The major difference from the previous example is that now the inferred variable is used as a key. Although for us it's clear it can be either "user" or "order", this requires an additional condition to make sure R is a subtype of keyof Entities.

The new requirement is to support fixtures that accept modifiers. That means that we can use the fixture function like this:

fixture("random order list");   // Order[]
fixture("invalid single user"); // User

Fun stuff, right? The Entities will now consist of factory functions for each type. The fixture function is going to use a modifier for type substitution.

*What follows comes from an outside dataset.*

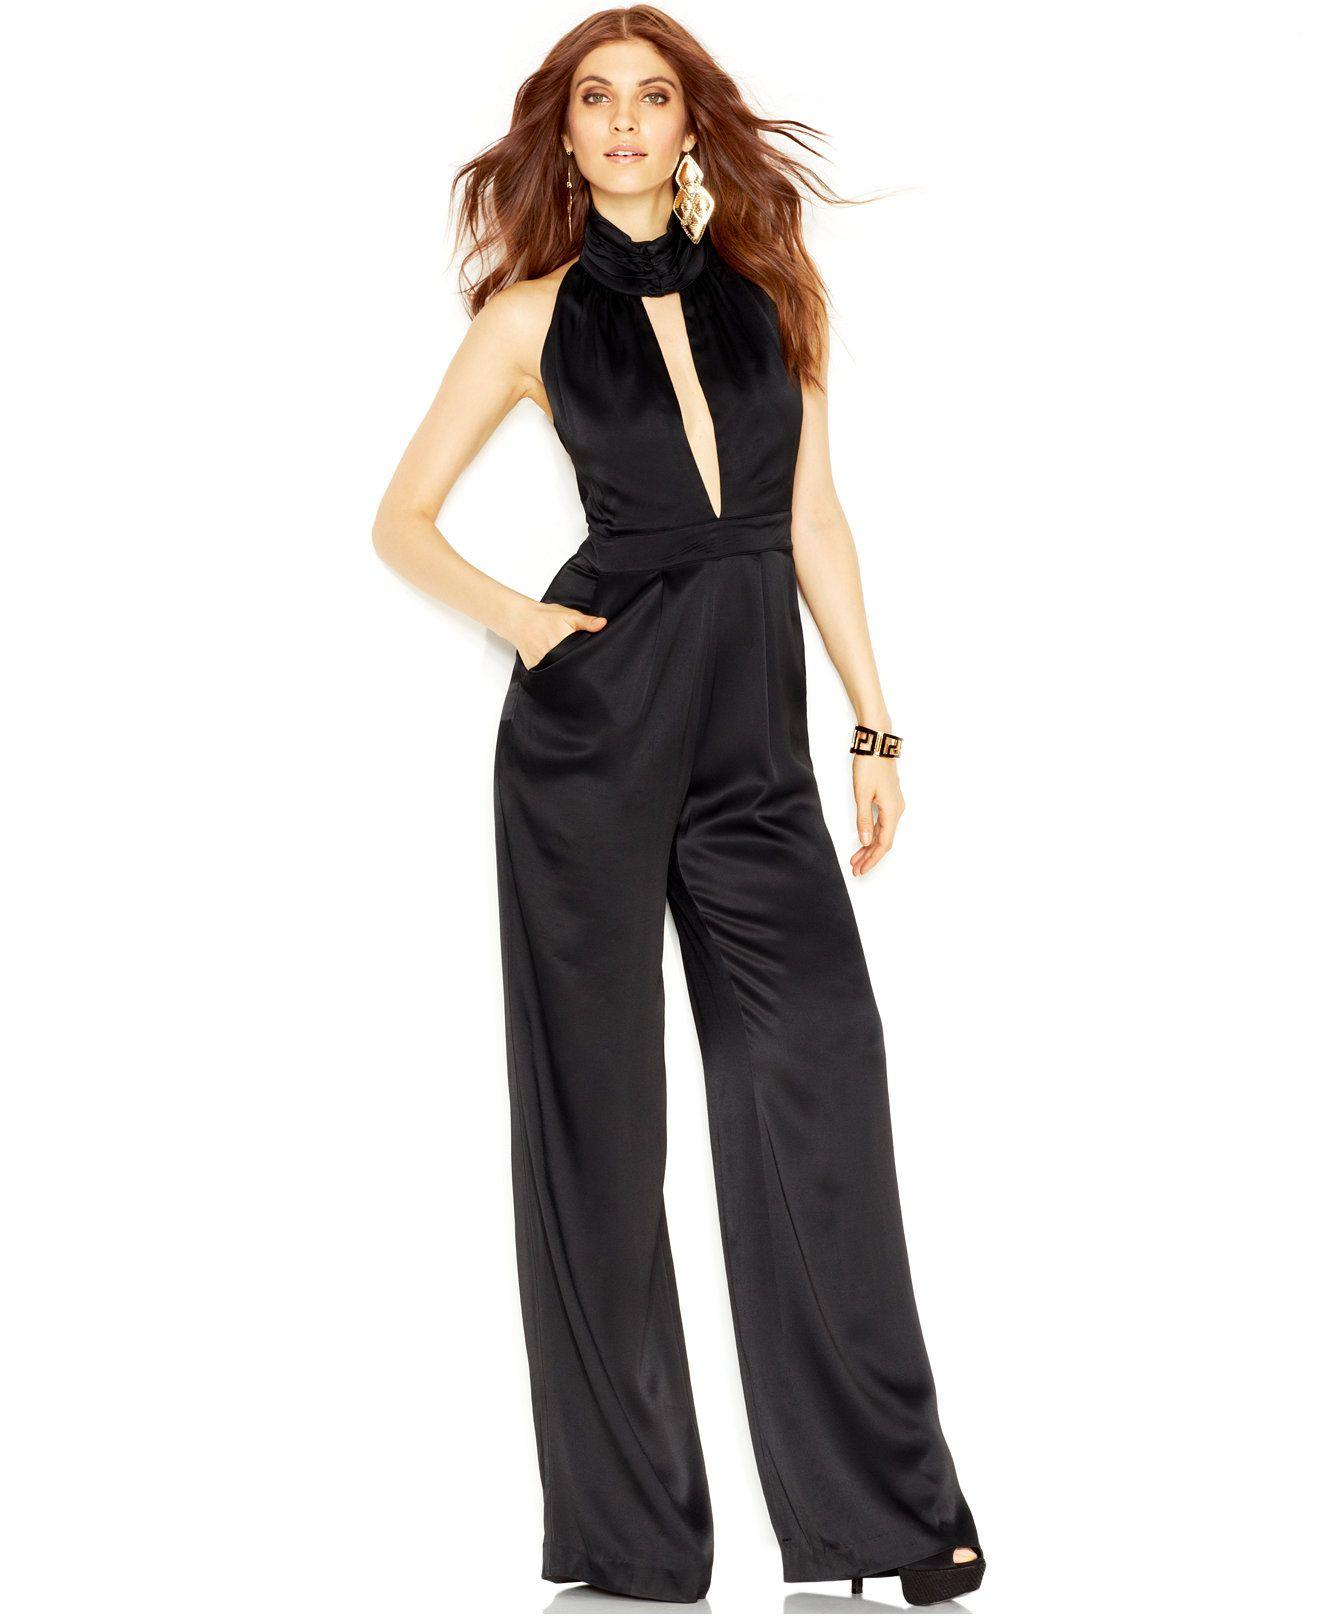 fbf0c1f2809c GUESS Sleeveless Halter-Neck Jumpsuit - Pants - Women - Macy s

type MatchingModifier = "" | "random " | "invalid "
type Modifier = TrimRight<MatchModifier>;

interface Entities {
  user: (modifer: Modifier) => User;
  order: (modifer: Modifier) => Order;
}

declare function fixture<
  K extends keyof Entities,
  T extends `${MatchModifier}${K} list` | `${MatchModifier}single ${K}`
>(what: T): T extends `${MatchModifier}single ${infer R}`
  ? R extends K
    ? ReturnType<Entities[R]>
    : never
  : T extends `${MatchModifier}${infer R} list`
  ? R extends K
    ? ReturnType<Entities[R]>[]
      : never
  : never;

const orders = fixture("random order list");   // Order[]
const user   = fixture("invalid single user"); // User

Conclusion

Template literals are a powerful feature, often easier to use than it looks at the first sight. Most of the time, it's splitting and concatenating strings based on simple conditions. When overused, template literals, can give your IDE a hard time as they can get quite complex and CPU consuming, especially when combined with recursion. Complex types are also not going to be a lot of fun to maintain unless you're really interested in TypeScript's type system.

For more examples, you can check out my implementation of the set function type you might know from lodash. There's also ghoullier/awesome-template-literal-types repository that has more interesting examples.